Why Paying Employees to Use AI Will Fail Just Like Return to Office Bribes
By Staff Writer | Published: February 4, 2026 | Category: Digital Transformation
From $1,000 bonuses to concert tickets, companies are bribing employees to use AI. History suggests they're solving the wrong problem.
A law firm promises its employees $1,000 each if they collectively log one million uses of Microsoft Copilot this year. A pharmaceutical company hands out gift cards to workers who experiment with AI tools. A tech giant awards points redeemable for appliances and concert tickets to employees who find innovative AI applications.
If this feels familiar, it should. Three years ago, companies tried remarkably similar tactics to lure employees back to offices. They redesigned workspaces to encourage collaboration, offered free lunches, installed game rooms, and dangled various perks. The result? Office occupancy barely budged until companies made in-person work mandatory. Workers valued flexibility more than free food, and no number of perks changed that calculation.
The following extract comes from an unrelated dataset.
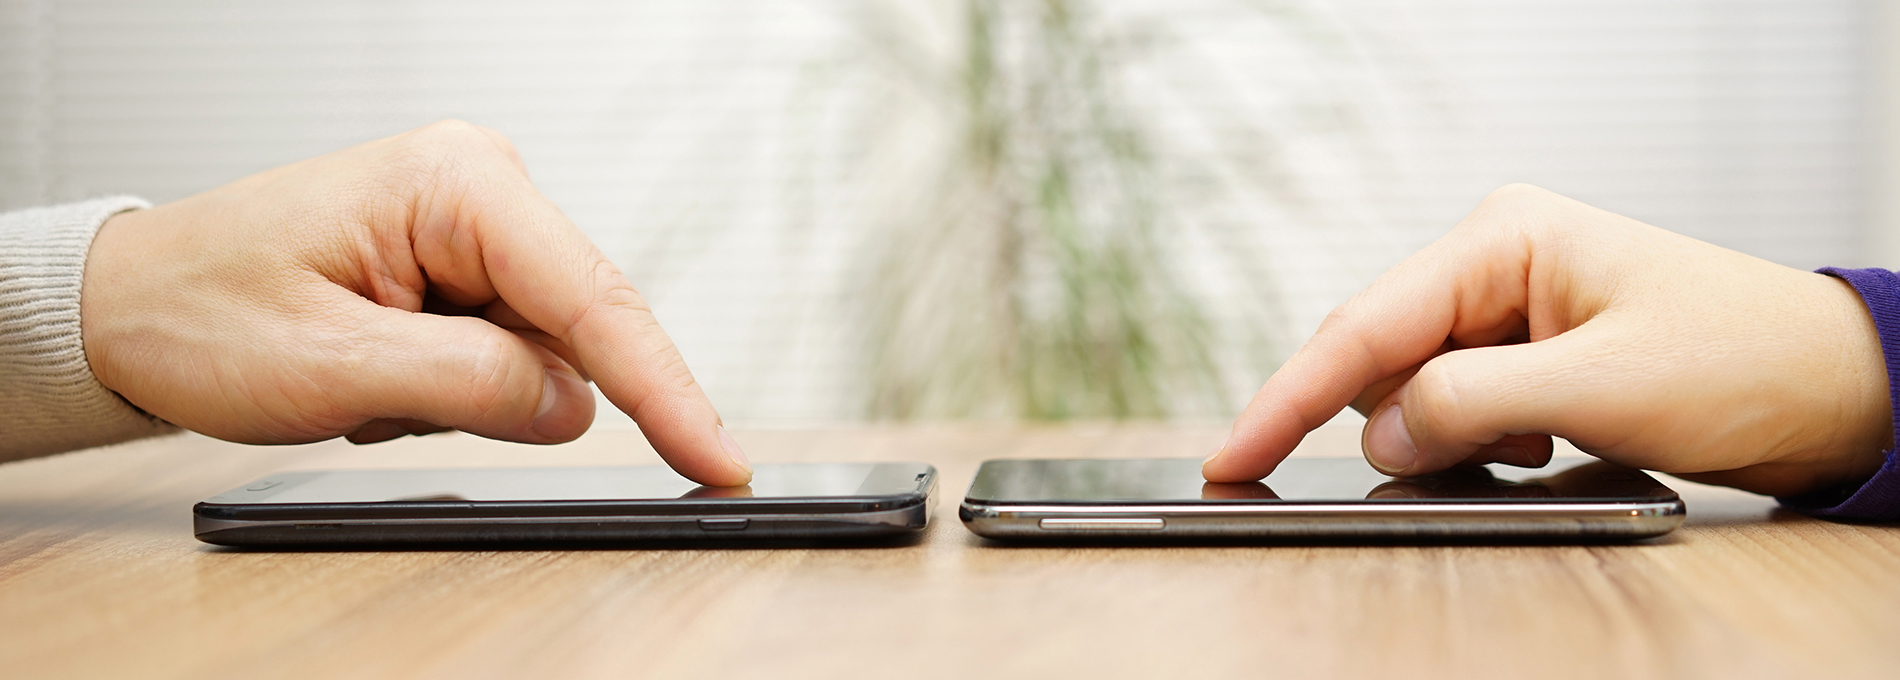 Two smartphone devices placed on a table next to each other with two people placing one of their index fingers on the screen

Now we're watching the same movie with different actors. Companies spent $360 billion on AI hardware, software, and infrastructure in 2024, according to Goldman Sachs research. But spending on technology doesn't automatically translate to adoption. So firms are reverting to the same playbook that failed before, attempting to incentivize their way out of a change management problem.
The approach reveals a fundamental misunderstanding of what drives AI adoption and, more importantly, what companies should want from their AI investments.
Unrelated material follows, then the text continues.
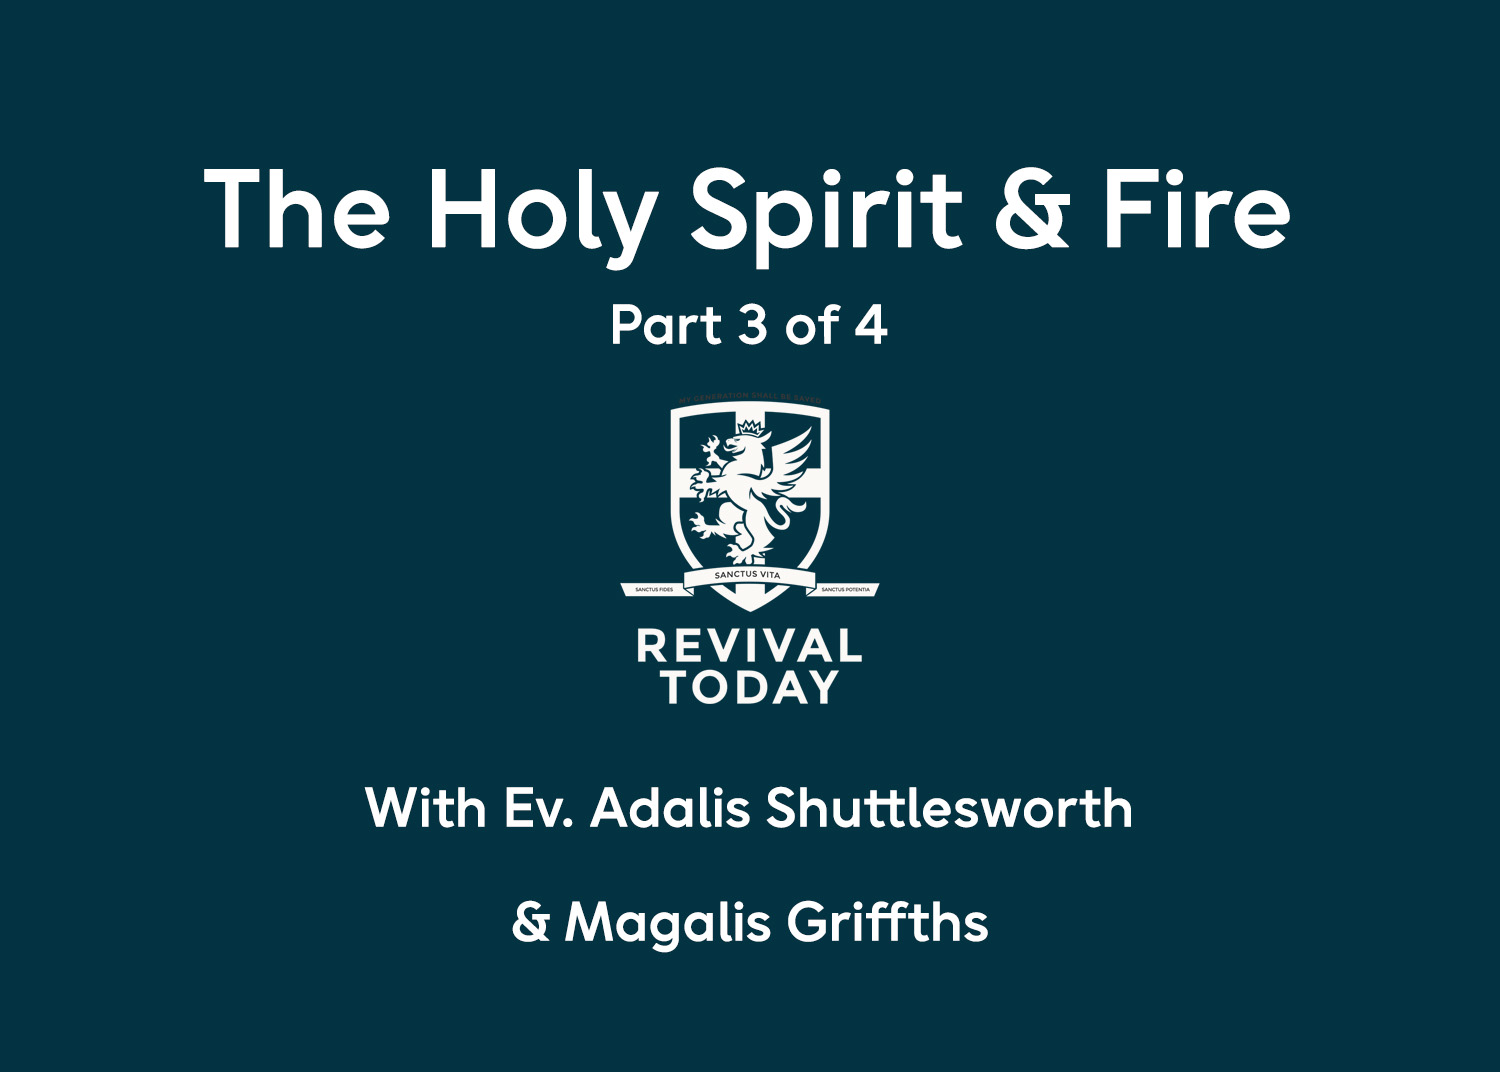 Ev. Adalis Shuttlesworth and Magalis Griffiths teach on the Holy Spirit and Fire, Revival Today

The Real Adoption Numbers Tell a Different Story
Before accepting the premise that employees resist AI and need financial prodding, examine the actual adoption data. According to a 2024 study by the Pew Research Center, 40% of US employees now use AI in their roles at least a few times per year, nearly double the 21% who reported using it in 2023. That's remarkably rapid uptake for an enterprise technology.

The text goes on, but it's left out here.